* **Required work**: Repeat exactly the lines of the records below, starting at the line containing "What is a Gassy Giant?" and ending at the line containing "The Digital Response". Leave the pictures out.

* **Given entries**:
________________________
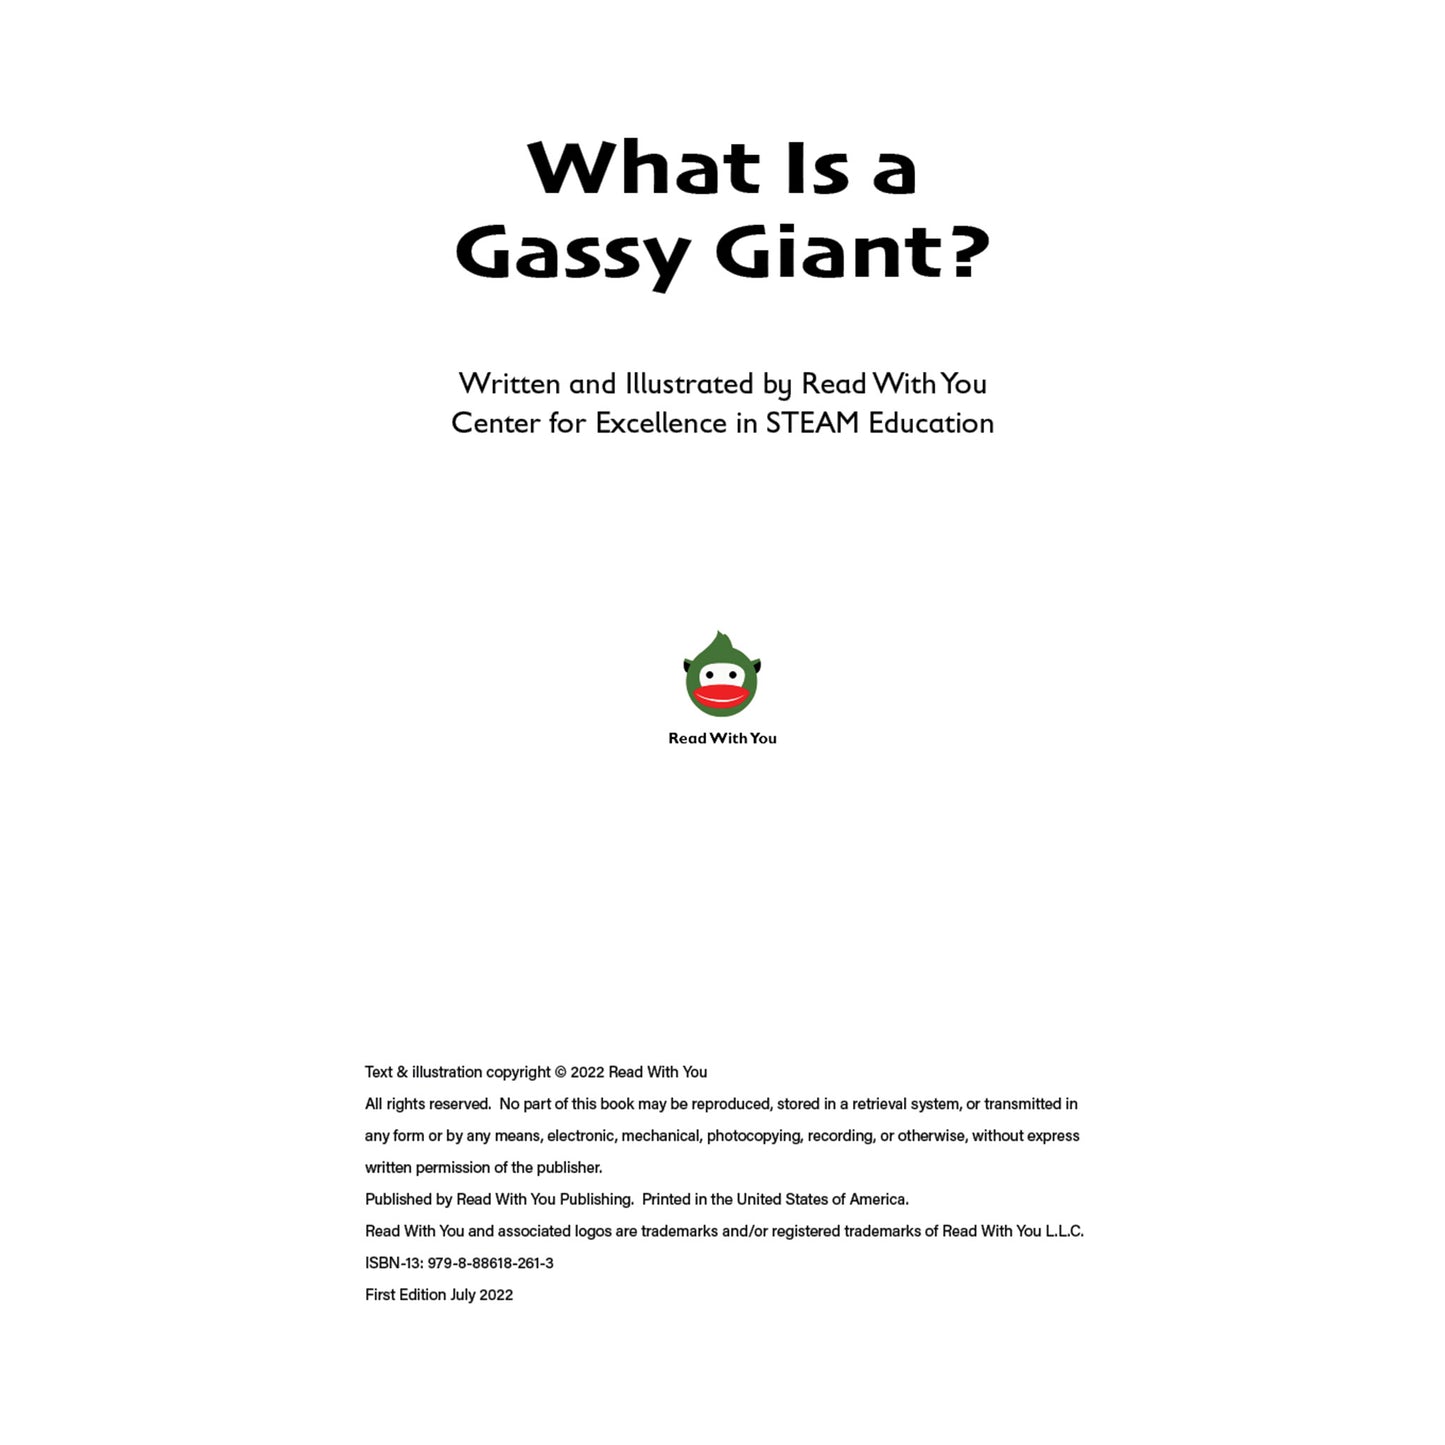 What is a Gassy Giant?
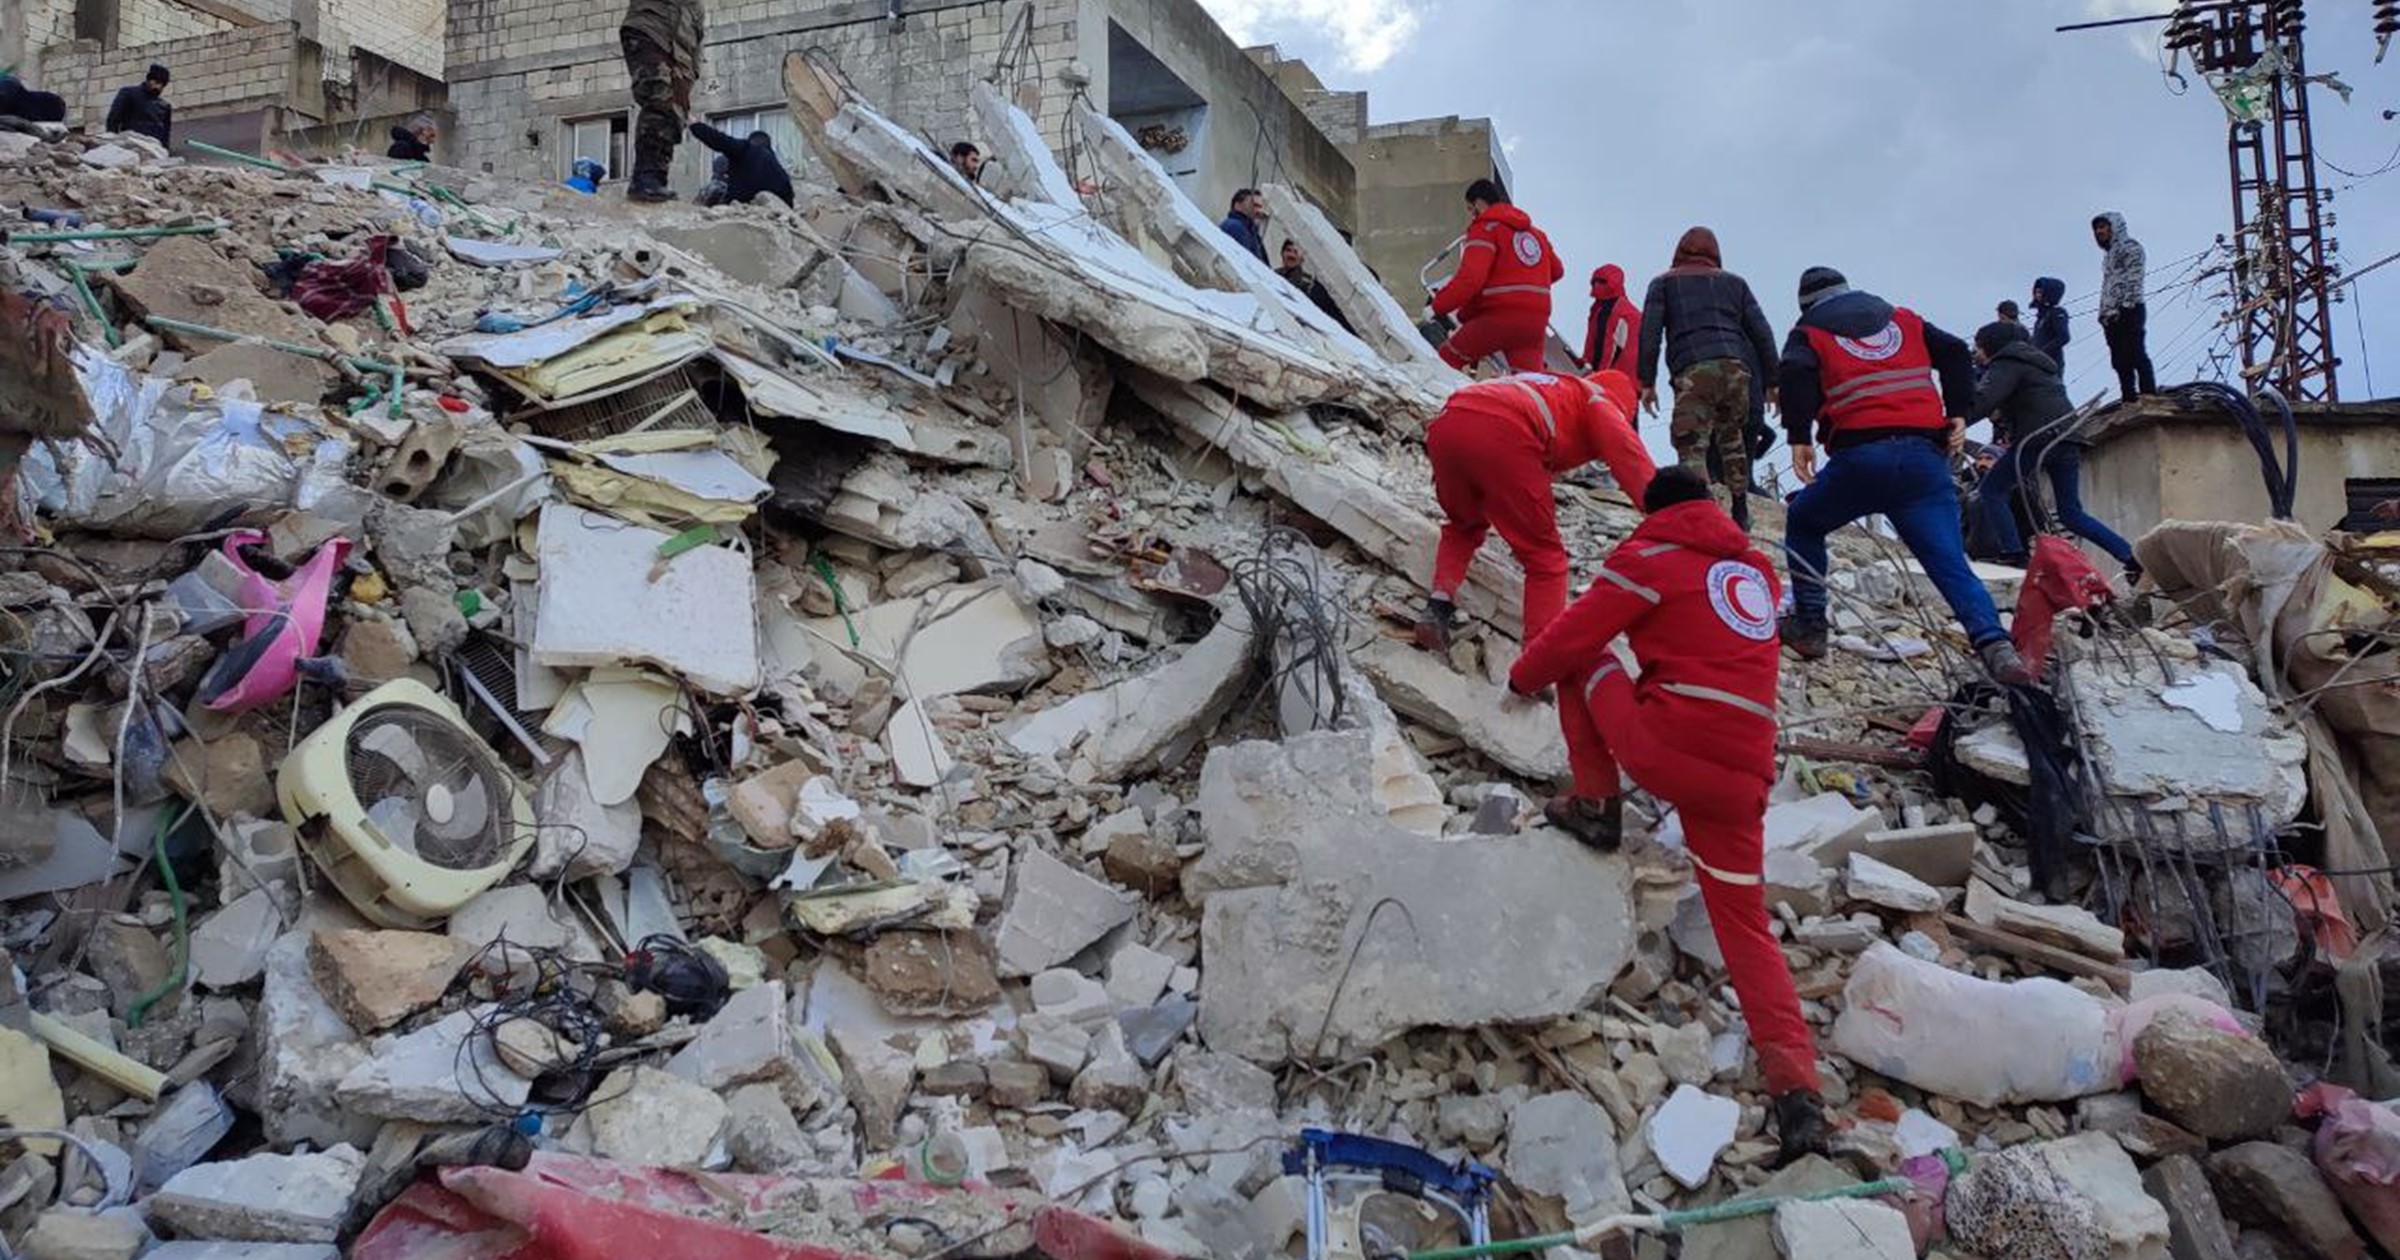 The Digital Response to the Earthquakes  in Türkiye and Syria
________________________
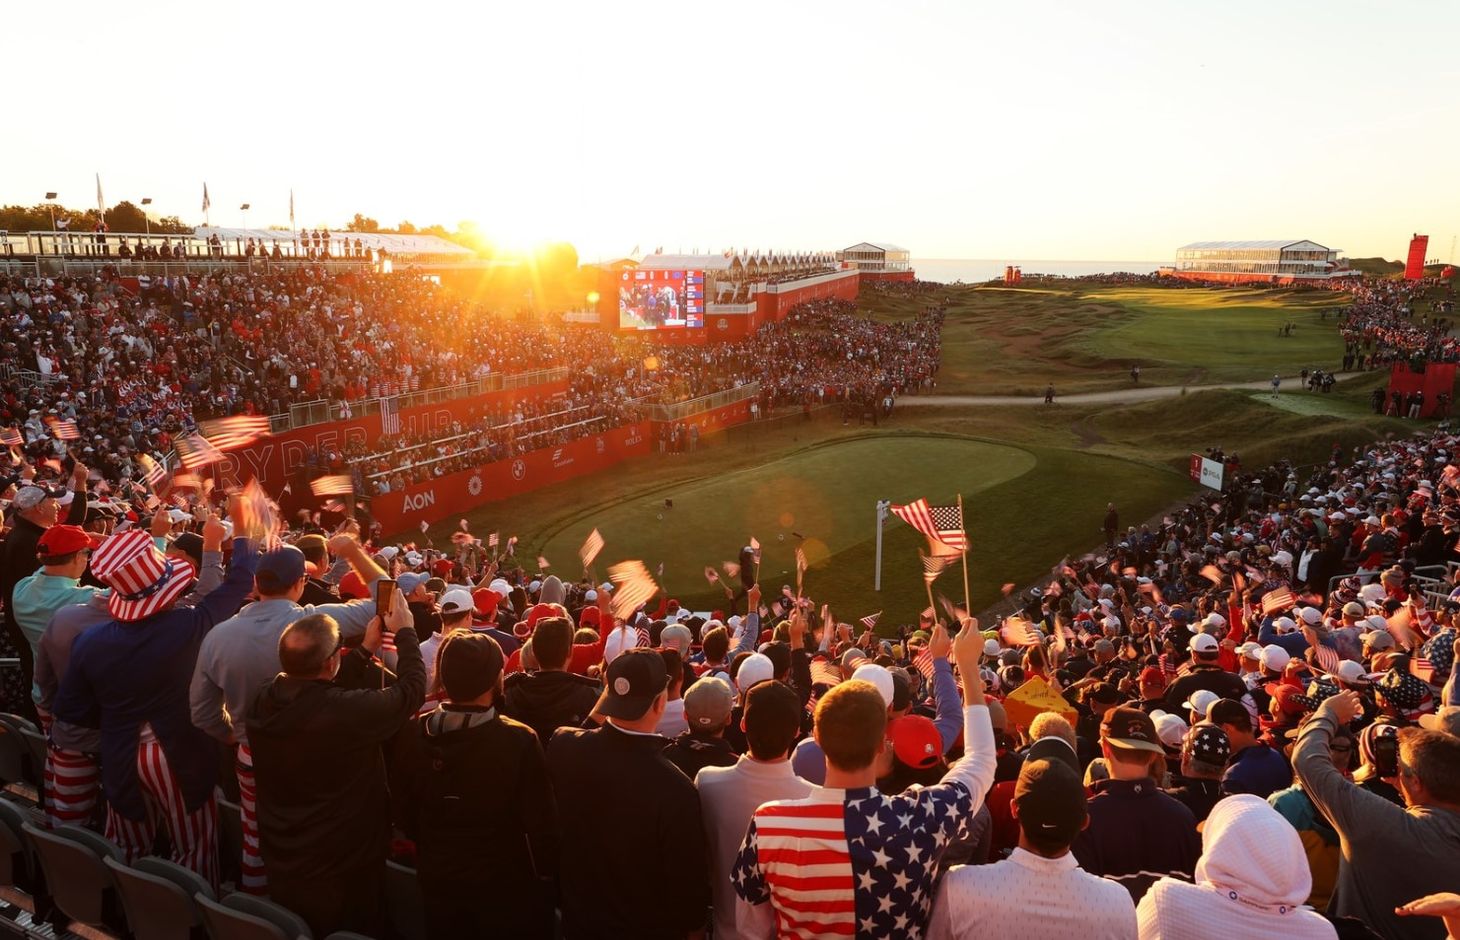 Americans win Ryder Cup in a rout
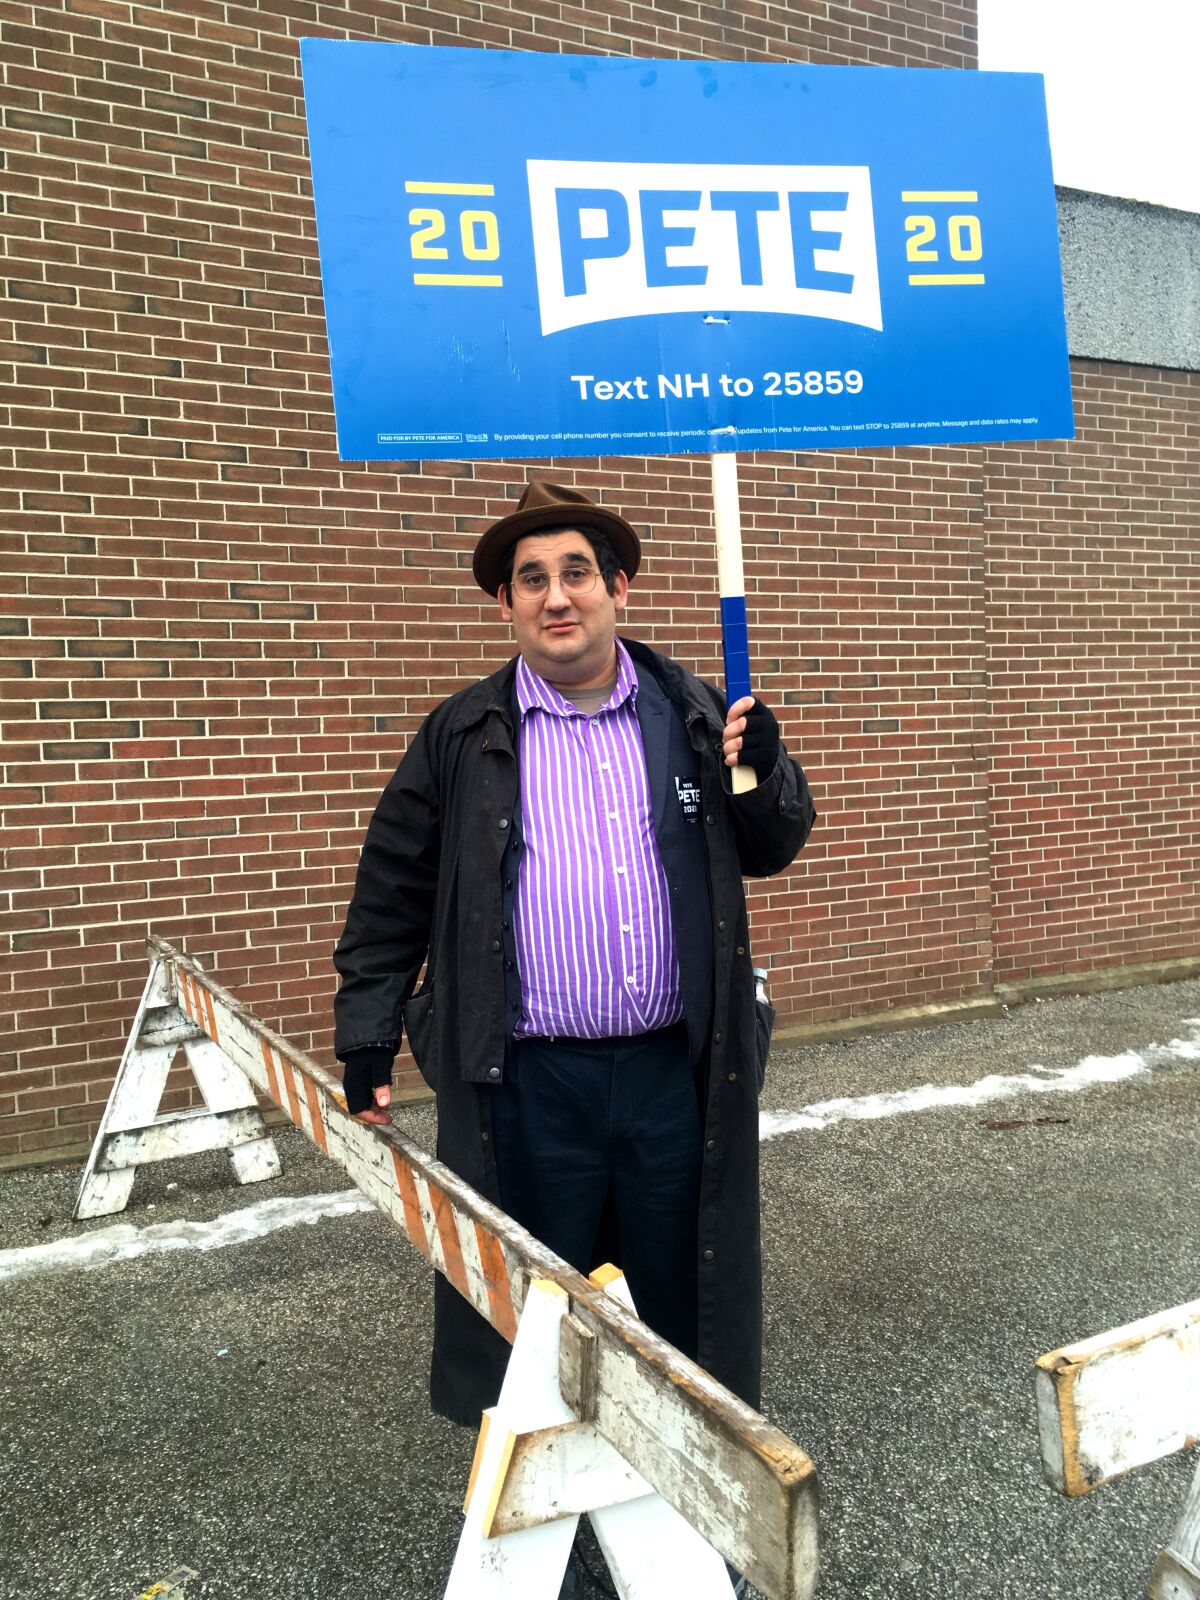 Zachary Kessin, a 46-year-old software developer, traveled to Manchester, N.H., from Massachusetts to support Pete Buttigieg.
________________________
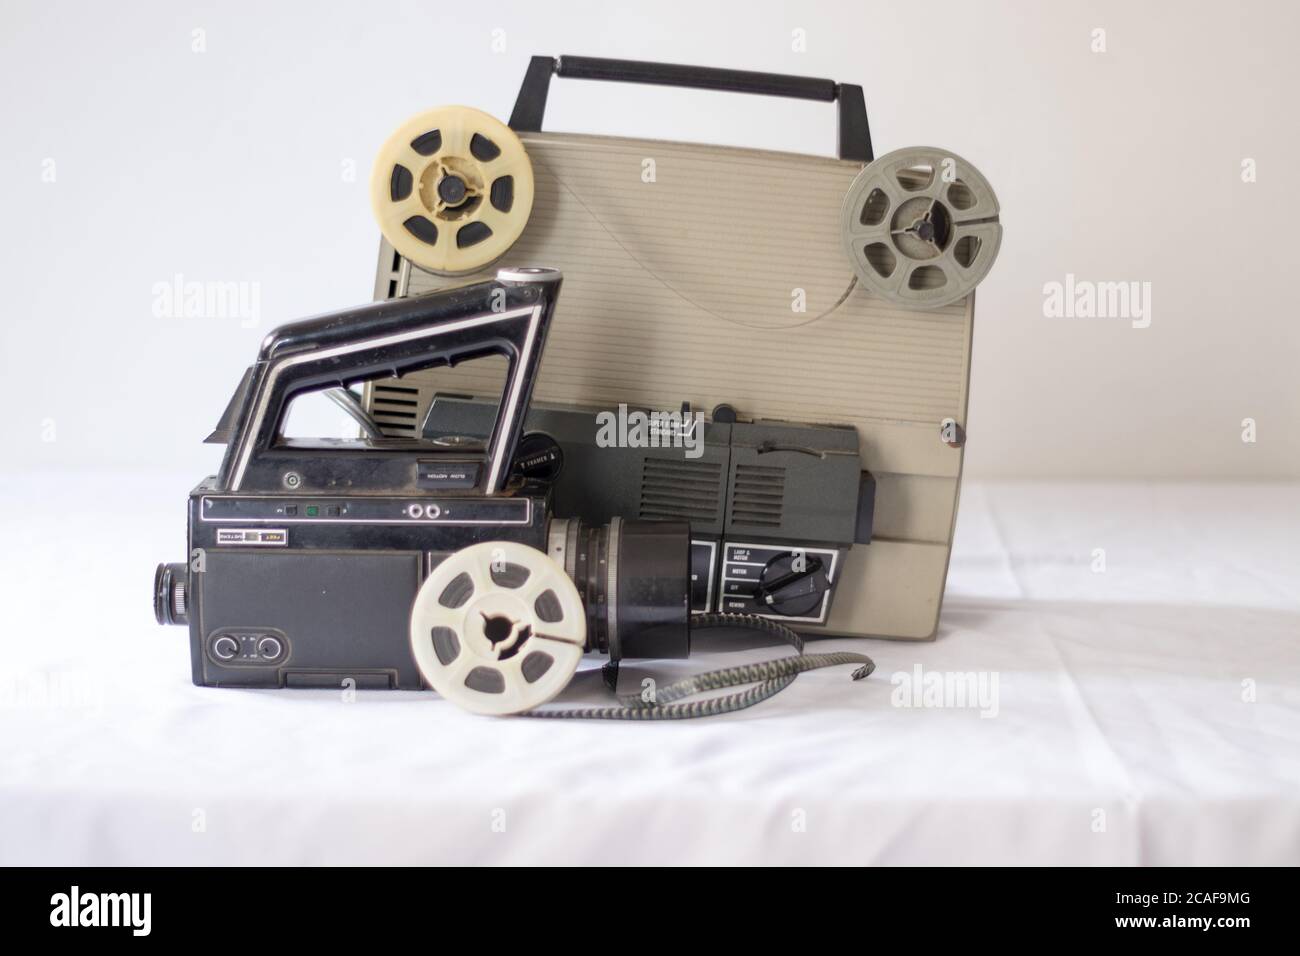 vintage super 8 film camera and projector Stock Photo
________________________
* **Task output**:
 What is a Gassy Giant?
 The Digital Response to the Earthquakes  in Türkiye and Syria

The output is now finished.